Shantha Sakku Bai is a 1939 Indian, Tamil-language film directed by Sundar Rao Nadkarni. The film featured K. Aswathamma, Banni Bai, K. Sarangapani, Kothamangalam Seenu, and Kothamangalam Subbu in the main roles.

== Plot ==
Sakku Bai is a devotee of Lord Krishna of Pandarpur. She is married to an innocent person who is a 'mama's boy.' The mother-in-law ill-treats Sakku Bai. Lord Krishna comes to the rescue of his devotee. In some scenes Lord Krishna himself appears as Sakku Bai and does all the household work as instructed by the mother-in-law

==Cast ==
The list is adapted from the film titles. (See External links)

- Female cast
- K. Aswathamma as Sakku Bai
- C. Pani Bai as Mother-in-law
- K. Aranganayagi as Girija Bai
- S. S. Rajamani as Rukmini
- T. S. Krishnaveni as Kamala

- Male cast
- K. Sarangapani as Sarangapani
- Kothamangalam Seenu as Dhasari
- Kothamangalam Subbu as Father-in-law
- M. A. Ganapathy Bhatt as Sri Krishnan
- P. G. Venkatesan as Subbu Chetty
- M. R. Saminathan as Kamala's Husband

== Production ==
The film was produced under the banner Rayal Talkies Distributors Ltd. and was directed by Sundar Rao Nadkarni.
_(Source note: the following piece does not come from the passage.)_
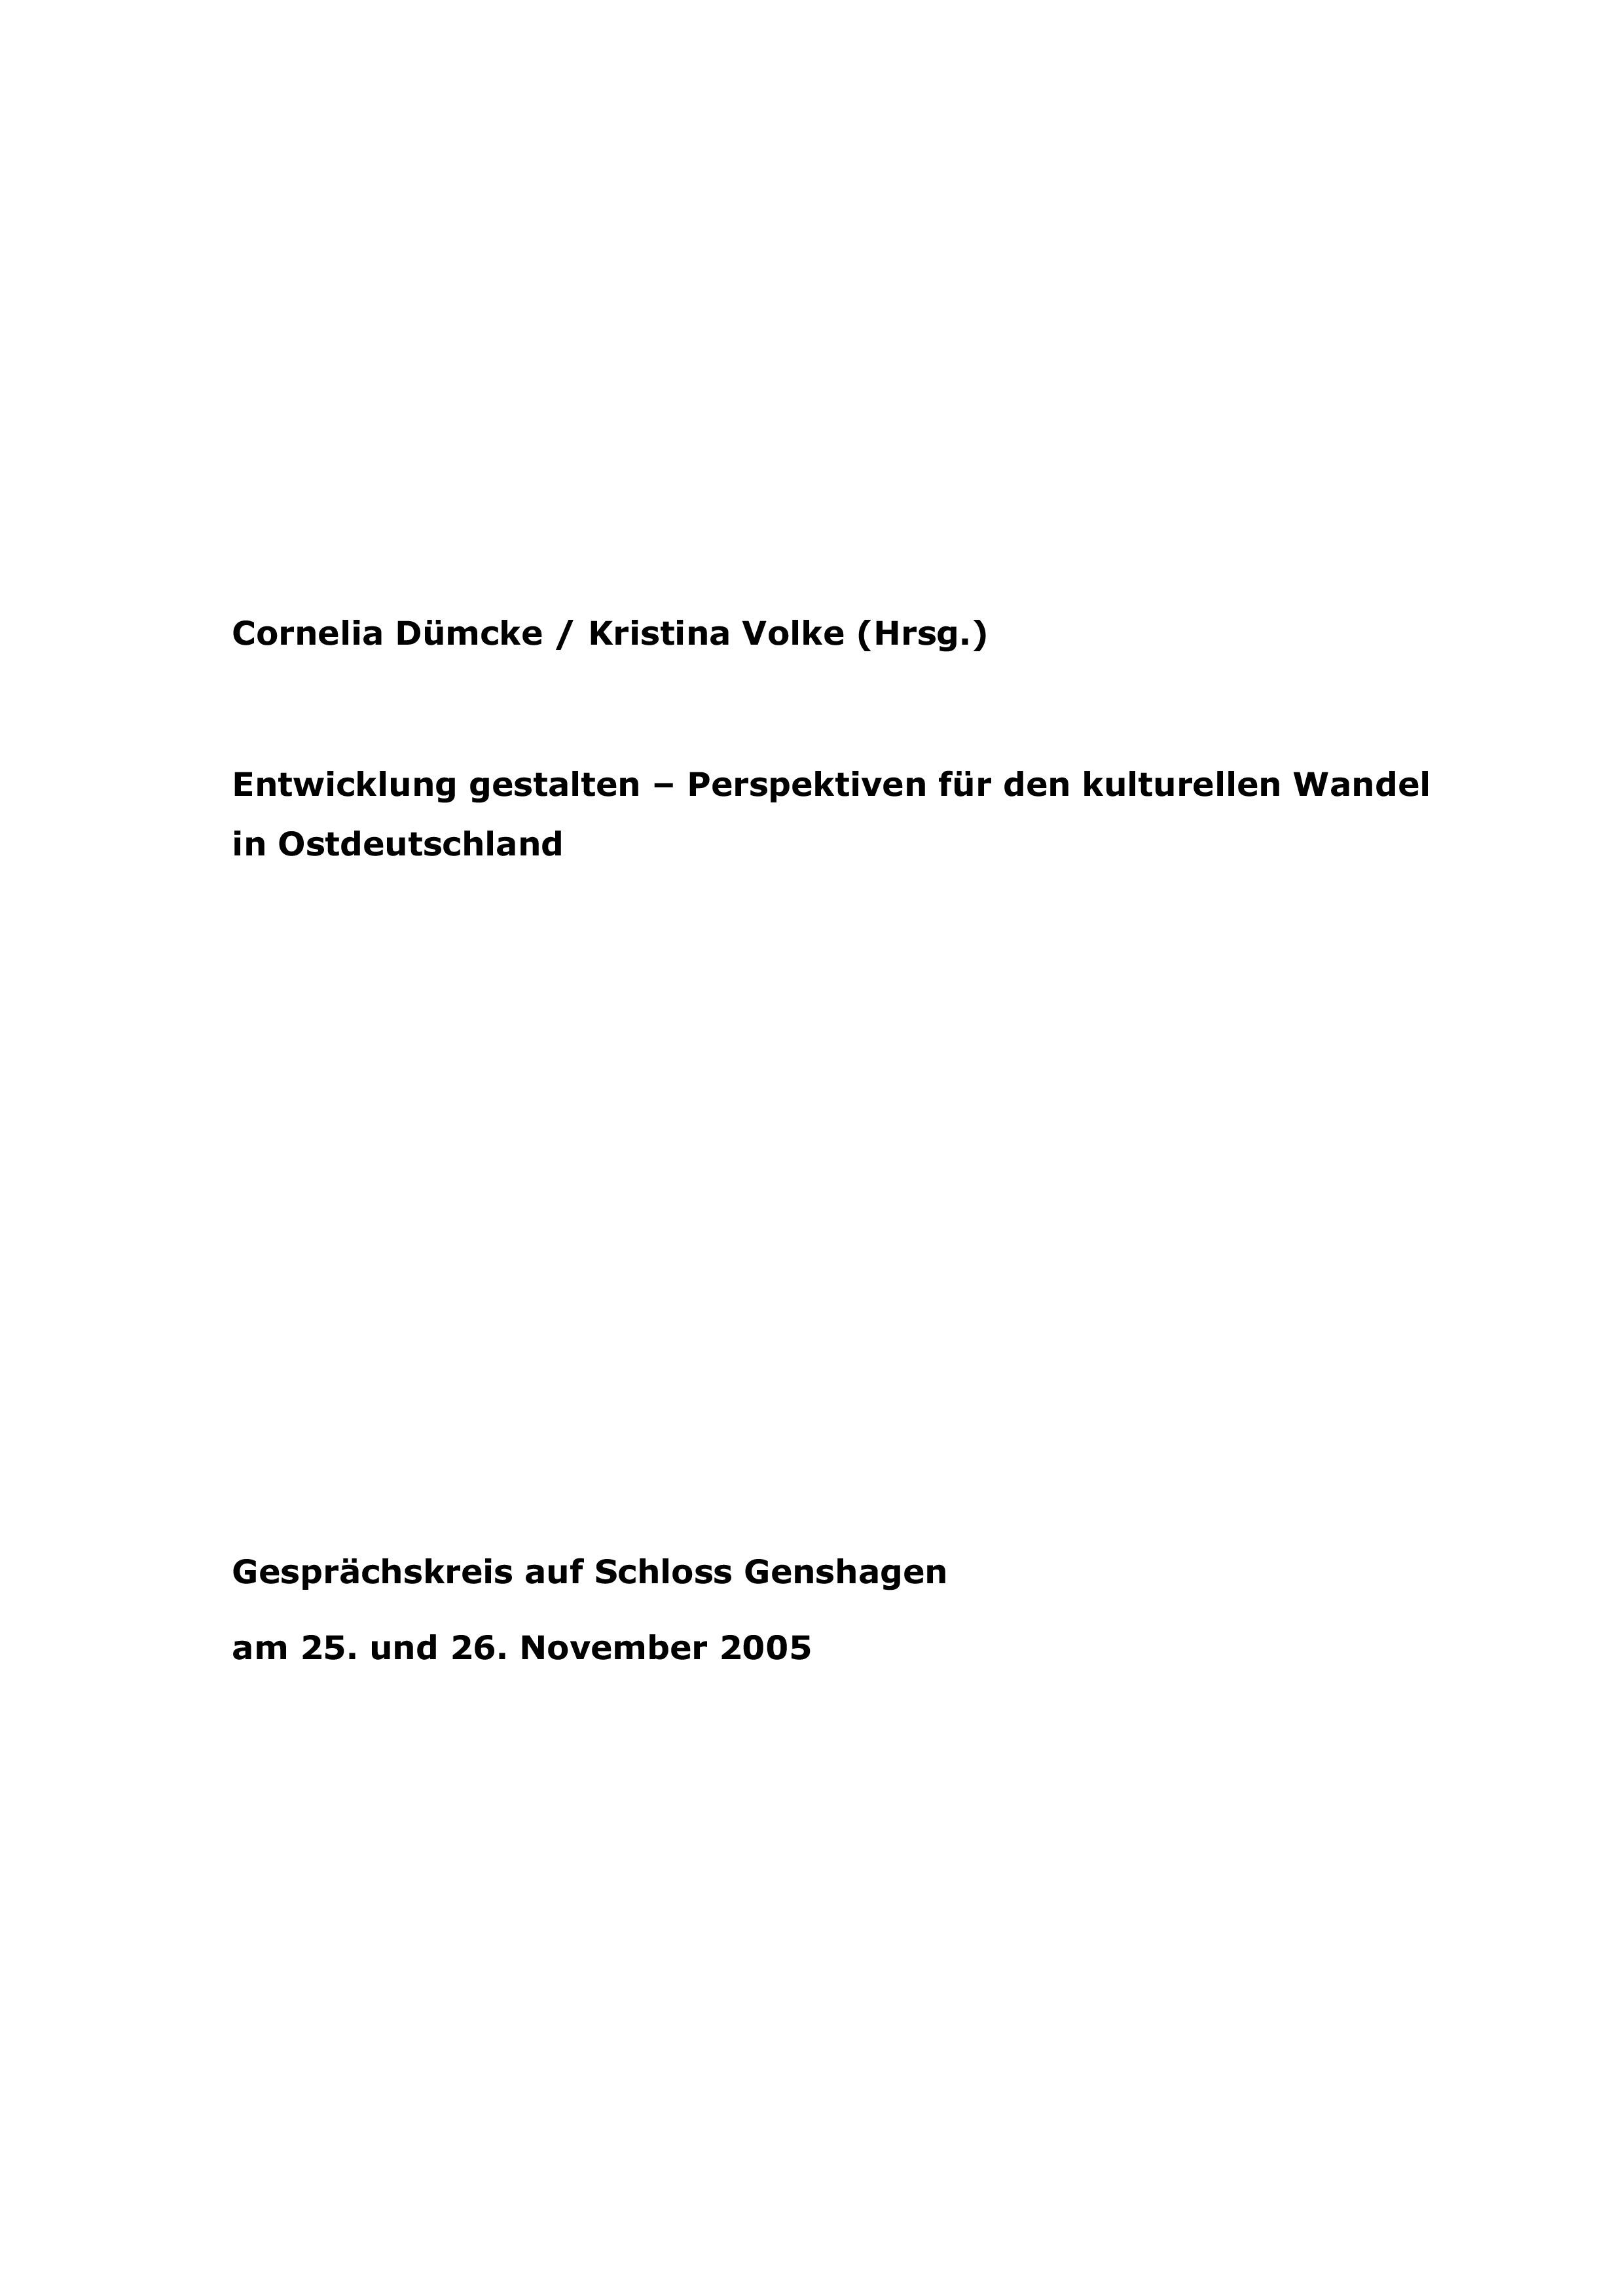 2006_DB_Dümcke_Volke_Kultur und Entwicklung_Ostdeutschland.jpg

A. A. Somayajulu and Kothamangalam Subbu wrote the dialogues to the story based on a Marathi folk tale. Jiten Banerji handled the cinematography while the editing was done by Sundar Rao Narkarni. Art direction was done by F. Nagoor and H. Shantharam. Audiography was handled by Dinshaw K. Tehrani. The film was produced and processed at Newtone Studios, Madras. Processing was done by Bhuban Kar. (Details from film title)

The music director Rajagopala Sarma and Director Sundar Rao Nadkarni appeared in some scenes as devotees of Lord Krishna of Pandarpur.

== Soundtrack ==
The music was composed by Thuraiyur Rajagopala Sarma while the lyrics were penned by Papanasam Sivan and Papanasam Rajagopala Iyer. Background music was provided by Saraswathi Stores orchestra.

- Orchestra
P. Doraiappa Bhagavathar - Gottu (kōṭṭu)

T. K. Jayaramaiyer - Violin

B. R. Gopalakrishnan - Flute

M. L. Ramalinga Bhagavathar - Harmonium

K. M. Rangachari - Organ

P. N. Govindaswami - Piano

A. N. Sundararajaiyer - Tabela

A. S. Kuppuswamiyer - Jaladarangam

B. Lakshmipathi Naidu - Clarinet

== Reception ==
The film was a success in box-office. It is remembered for "The tuneful music, and the outstanding performance of Bannibai as the cruel mother-in-law".